* **ASSIGNMENT**:
Repeat what the lines below say, word for word, and skip every image.

* **INPUT DATA**:
—————
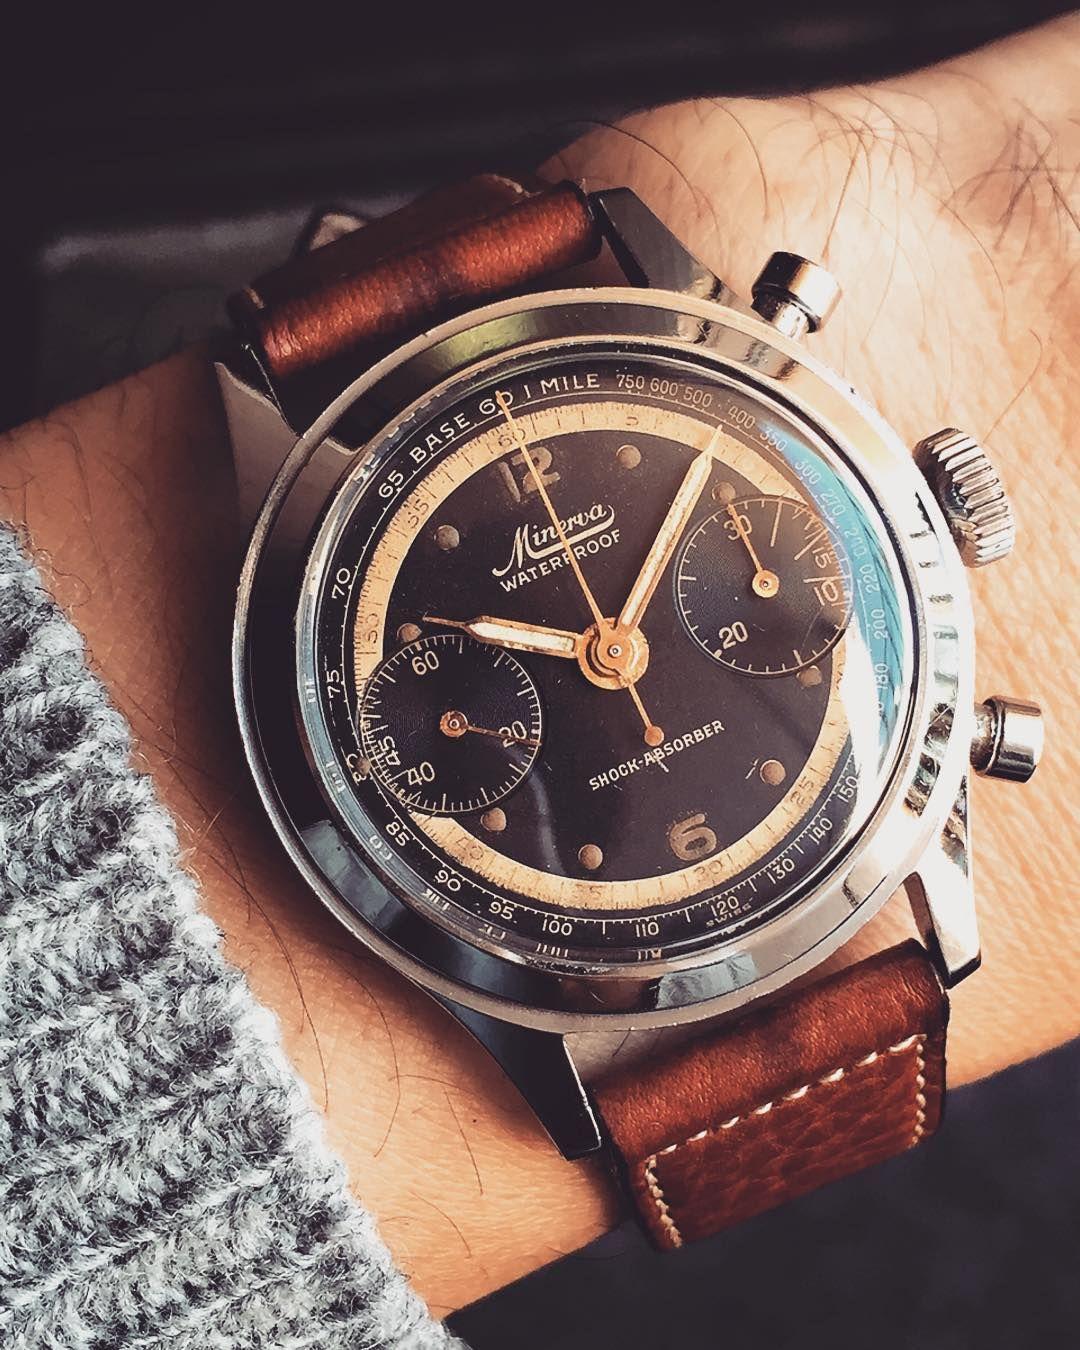 #vintagewatch  #vintageminerva  #vintagestyle  #vintagechronograph
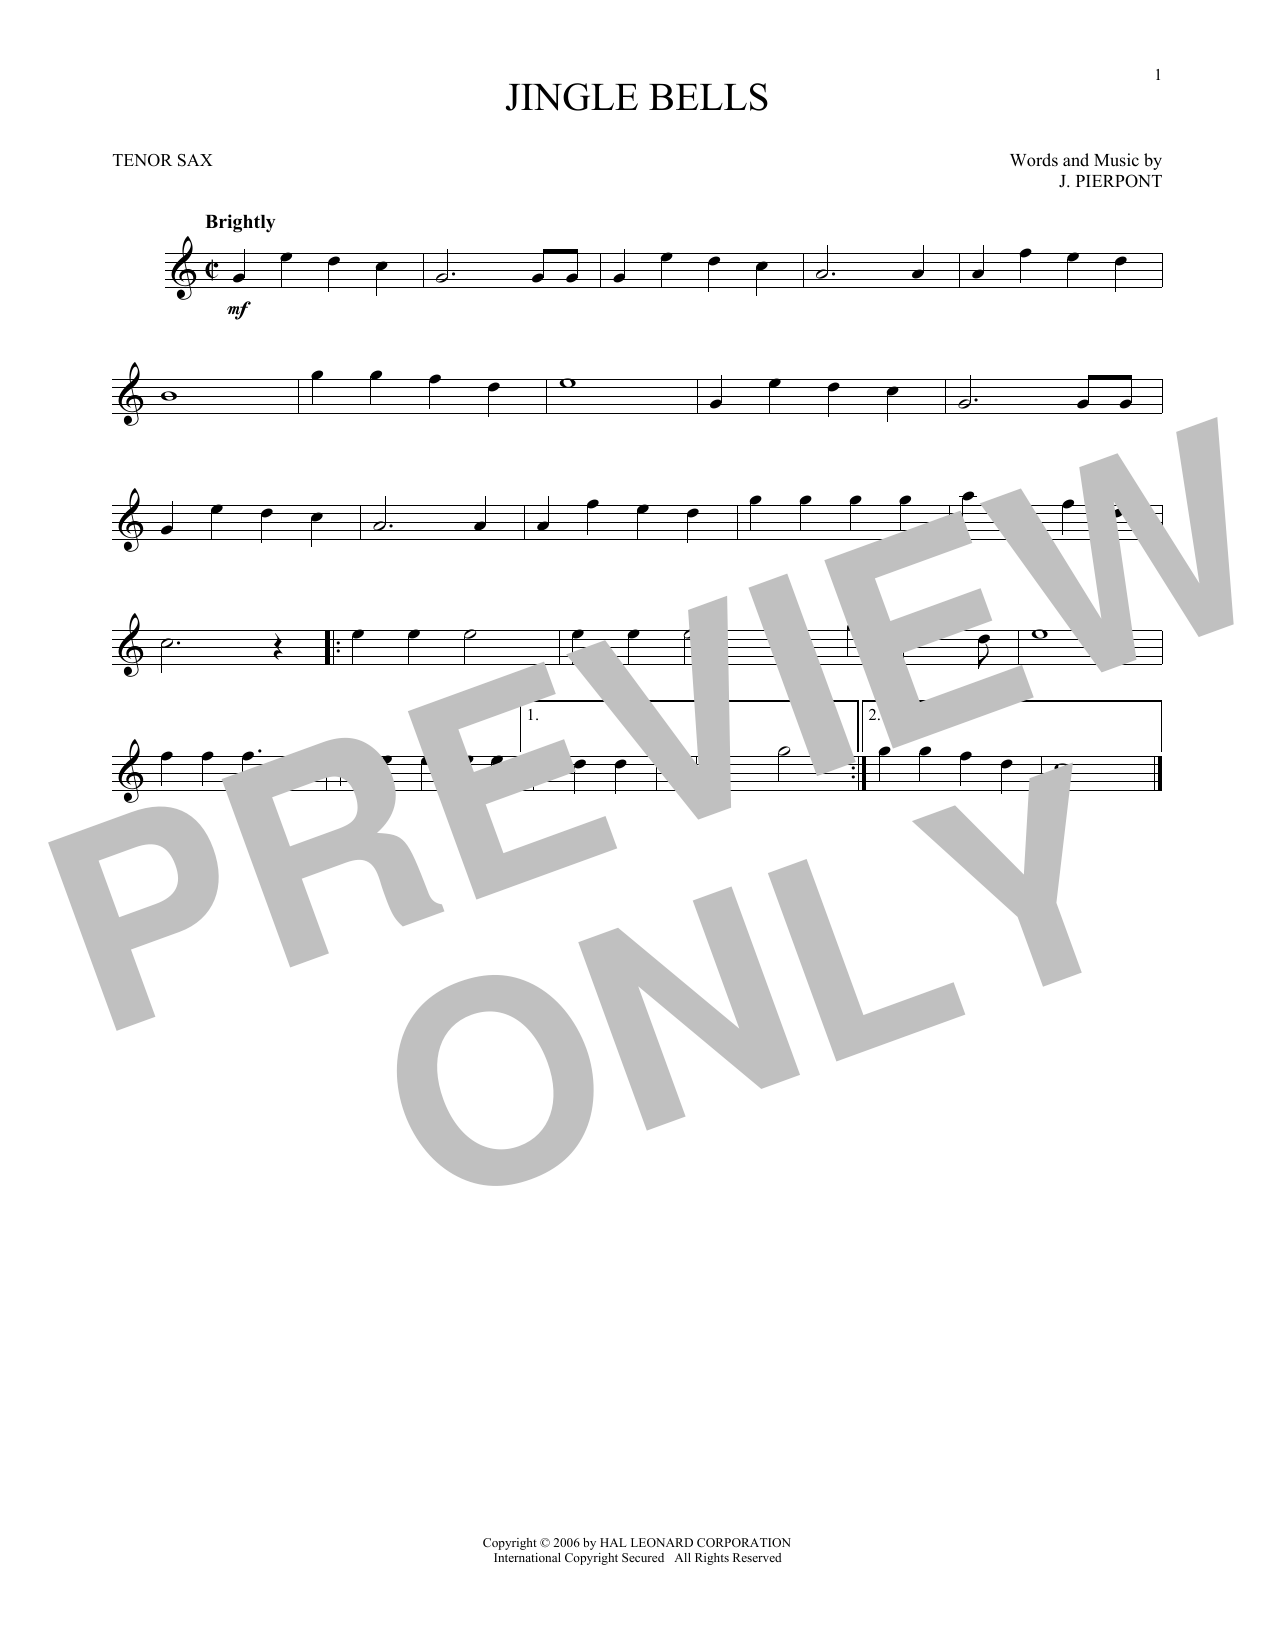 Jingle Bells (Tenor Sax Solo)
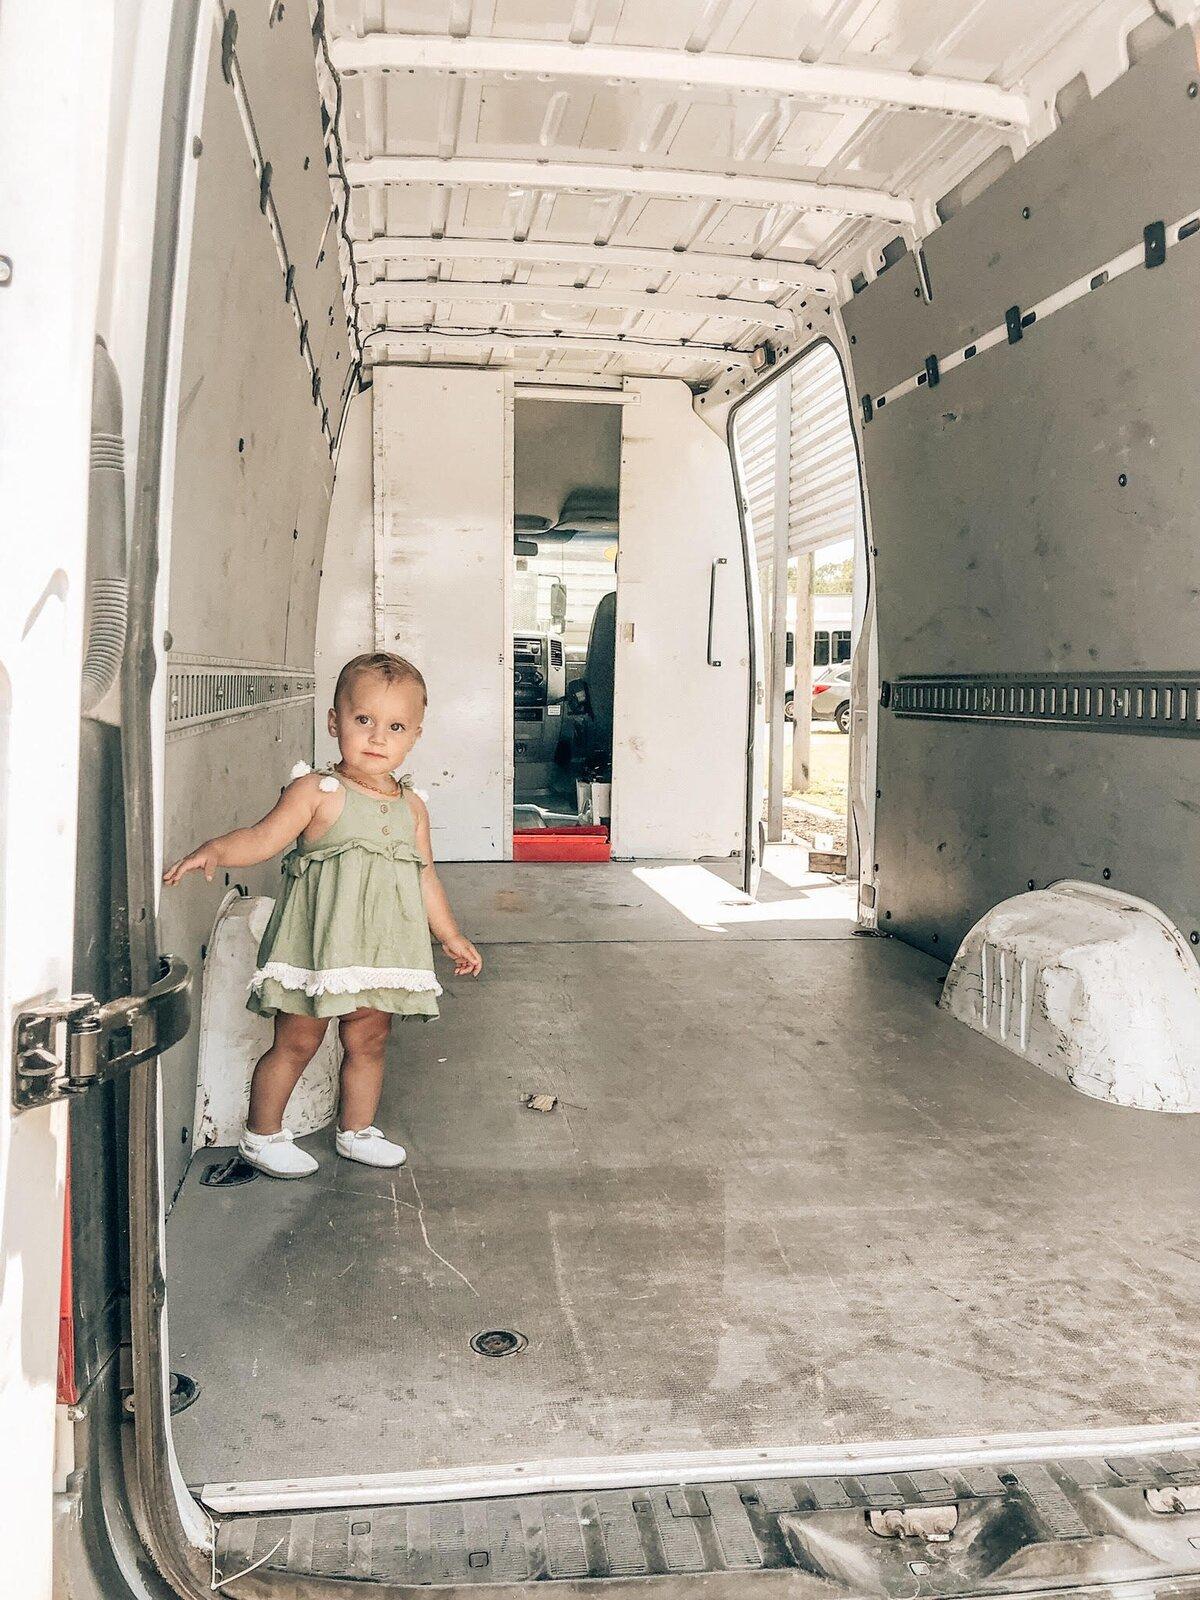 Vanessa the Van gutted interior with Luna
—————
* **RESPONSE AREA**:
 #vintagewatch  #vintageminerva  #vintagestyle  #vintagechronograph
 Jingle Bells (Tenor Sax Solo)
 Vanessa the Van gutted interior with Luna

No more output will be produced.